Everything from the line containing "The Hotel Show Dubai 2017" down to the last line below should be set down exactly, and only that, without the pictures.

## Dataset extract
**********

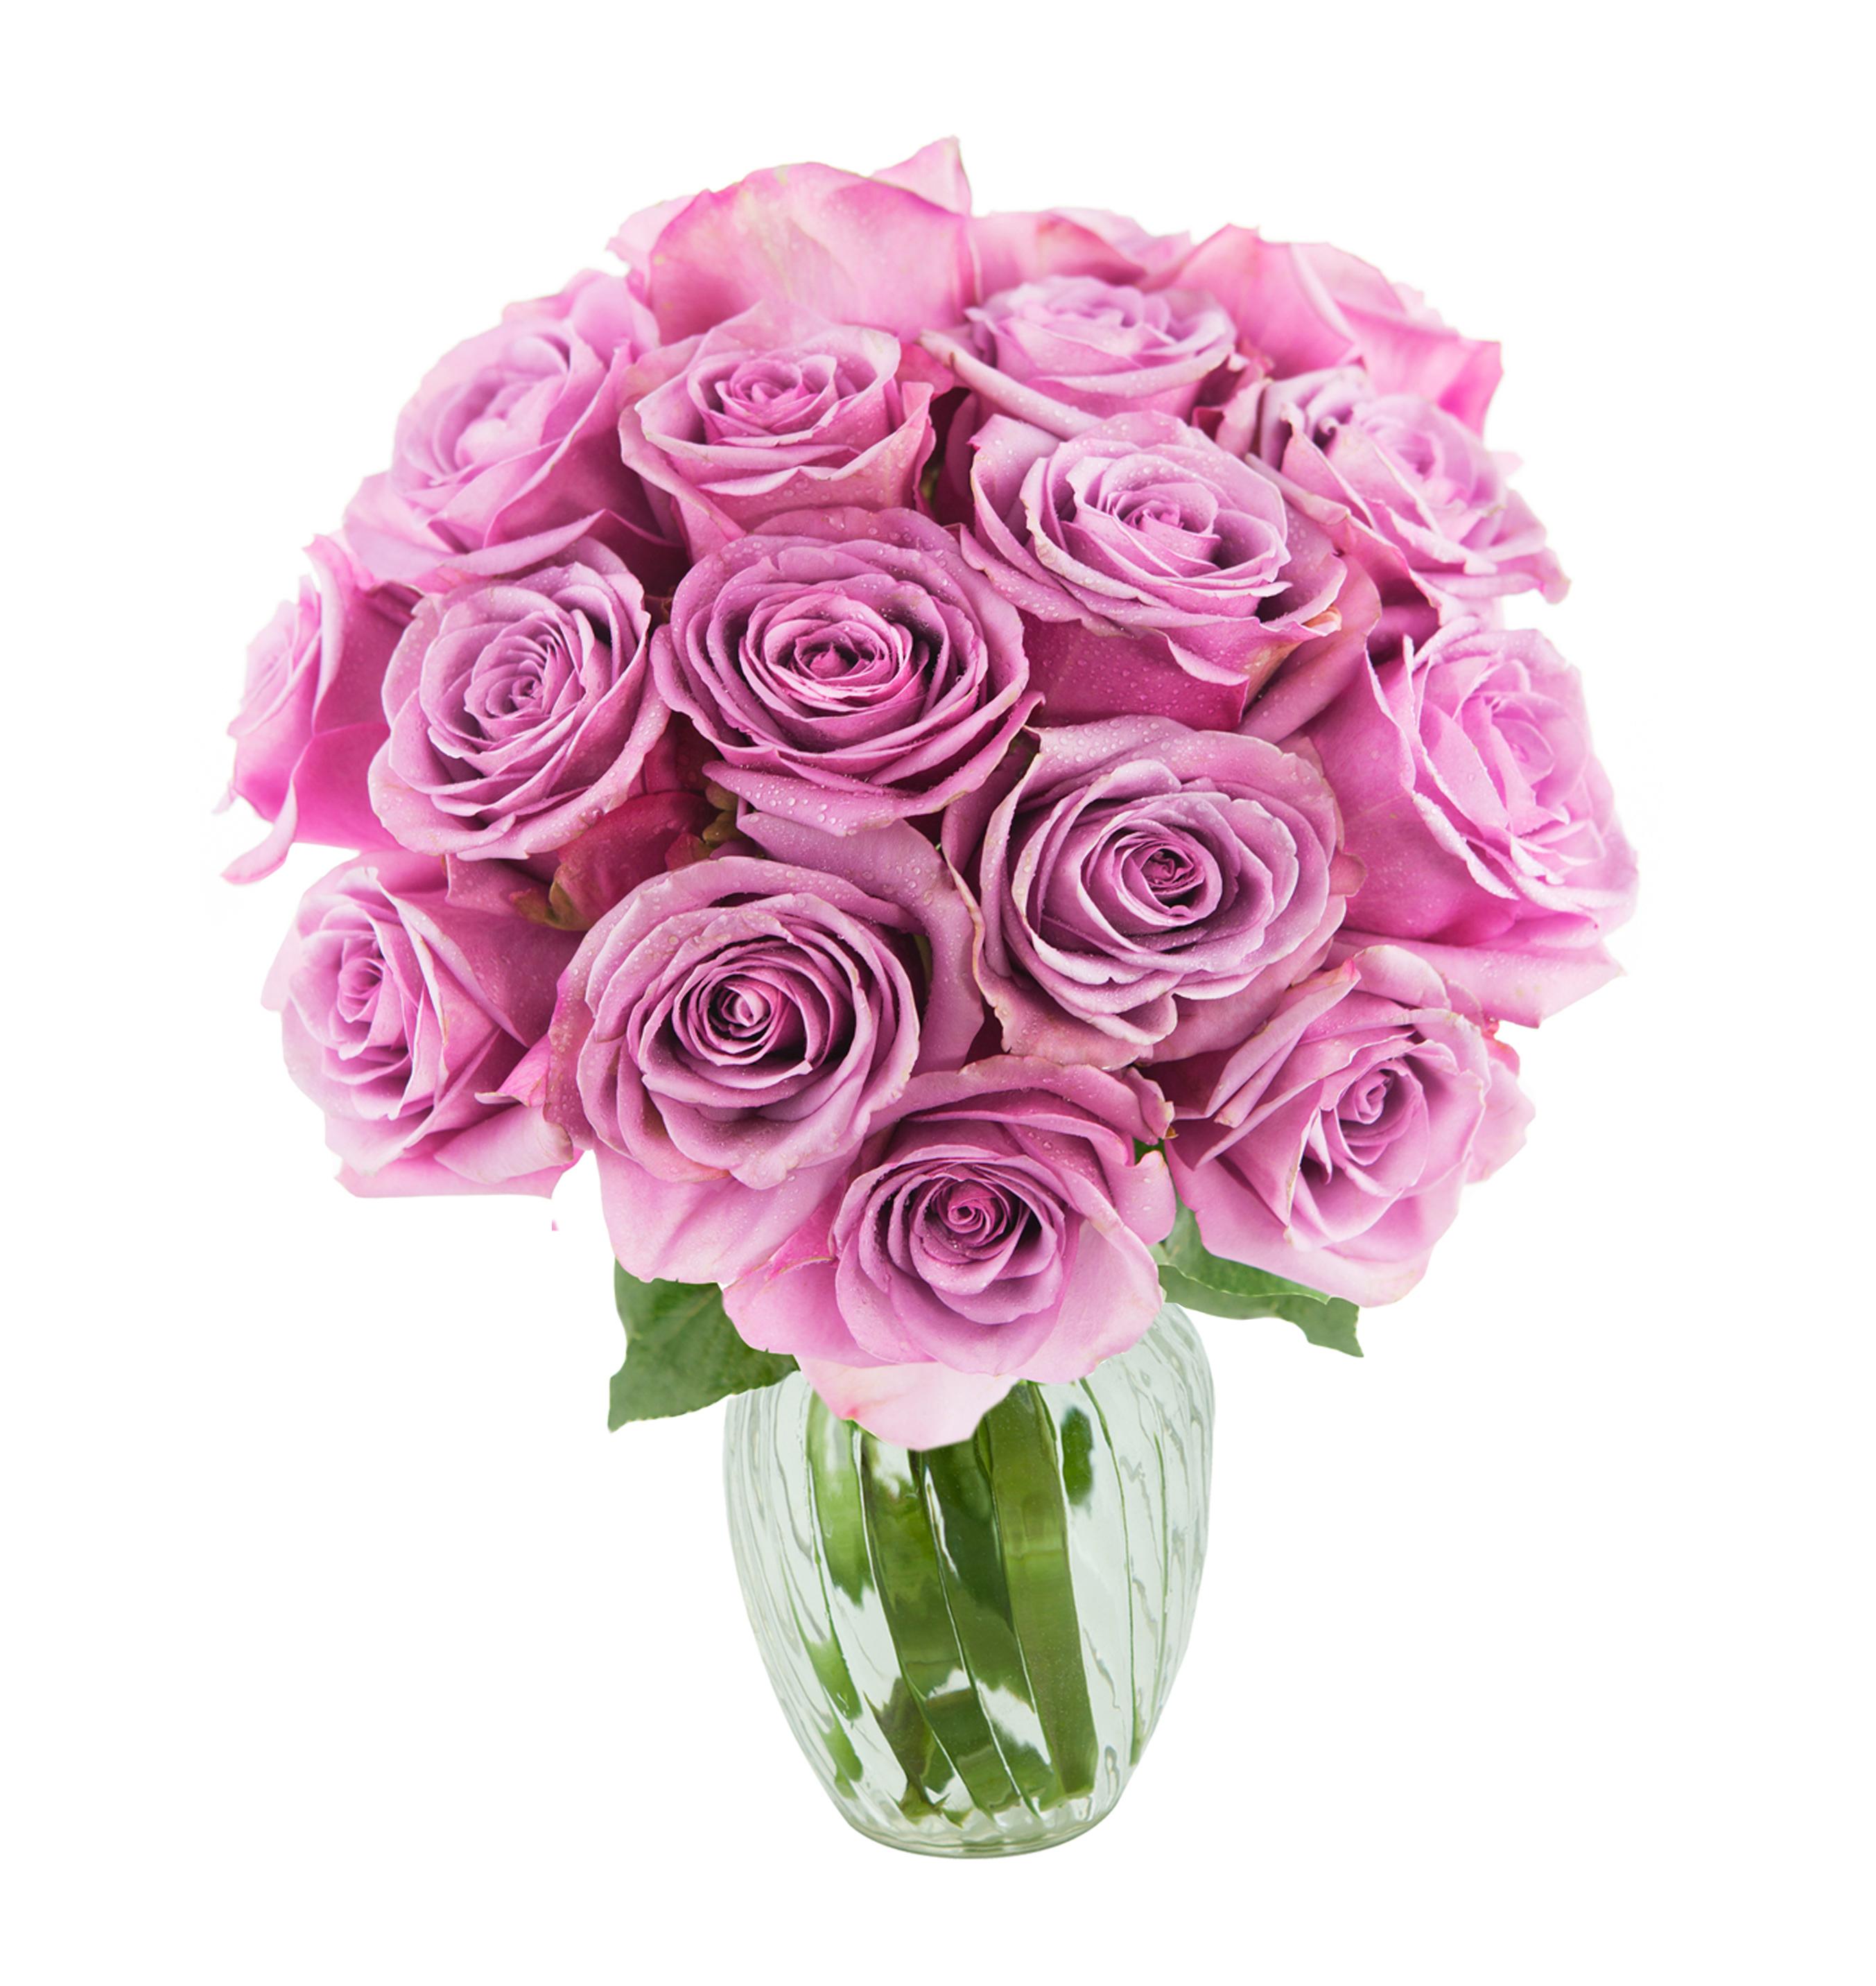 Kabloom Bouquet of 18 Fresh Purple Roses (Farm-Fresh, Long-Stem) with Vase
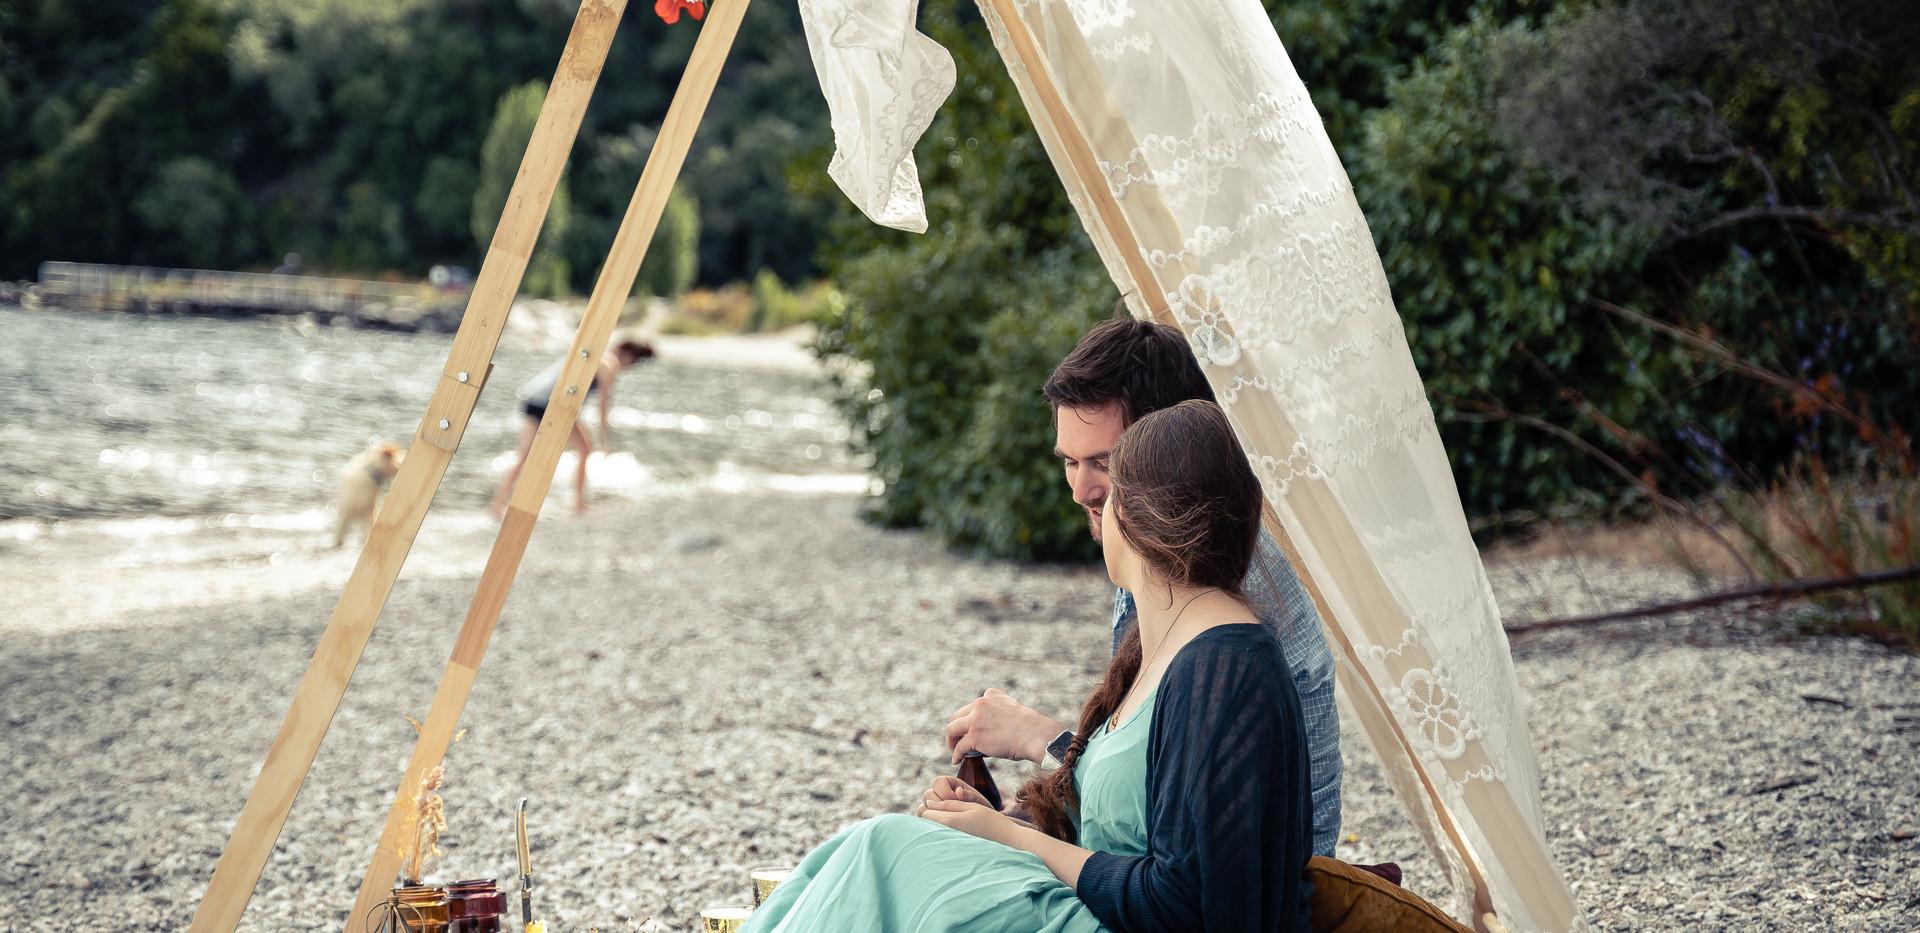 Glamping Romantic Picnic
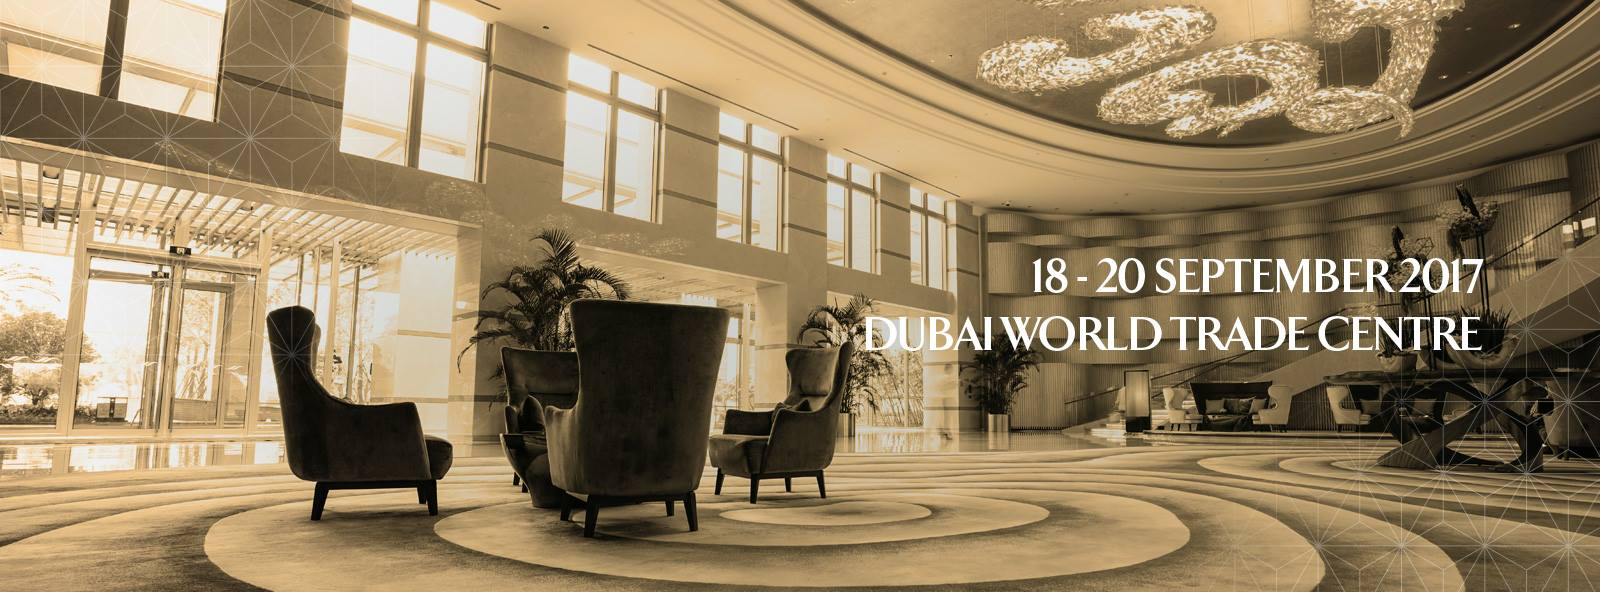 The Hotel Show Dubai 2017
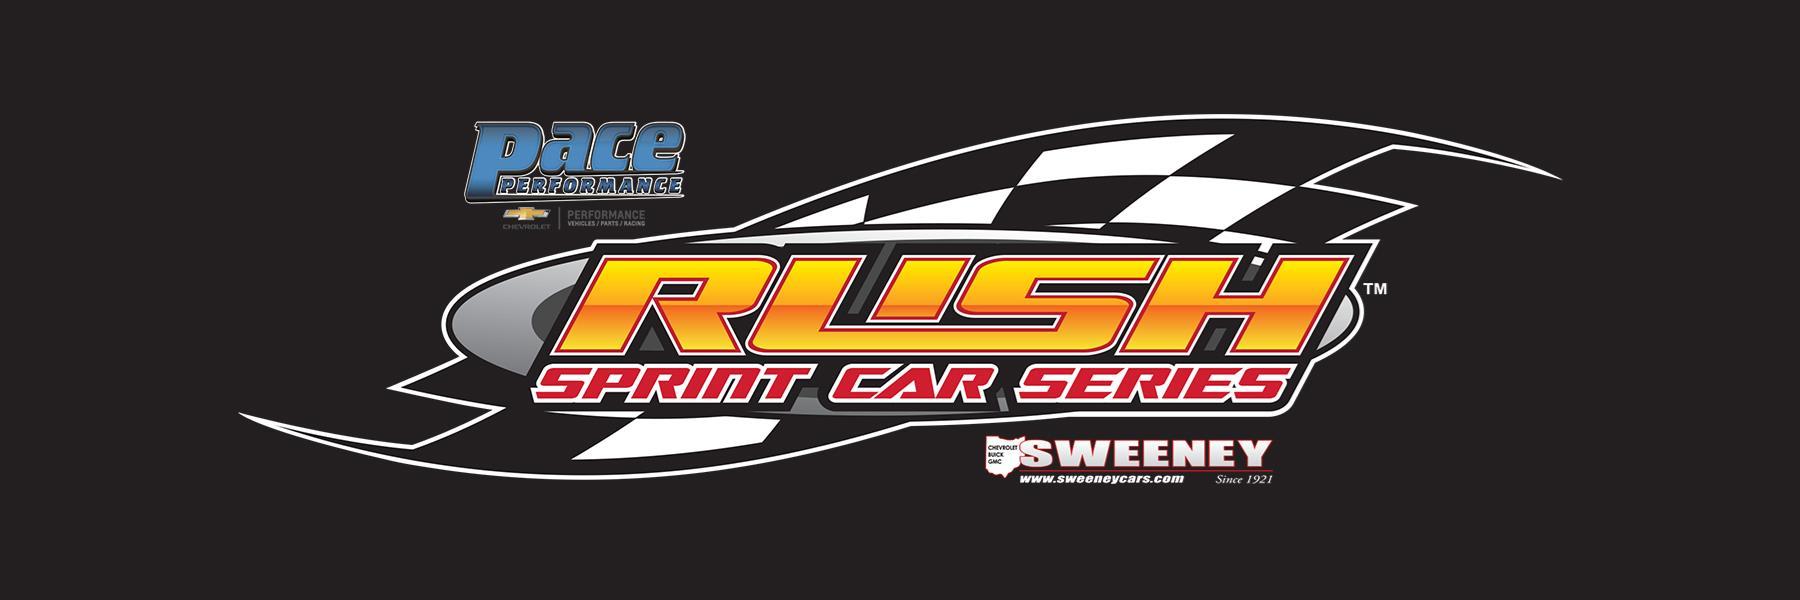 RUSH Sprint Car Series

**********

## Output of the exercise
 The Hotel Show Dubai 2017
 RUSH Sprint Car Series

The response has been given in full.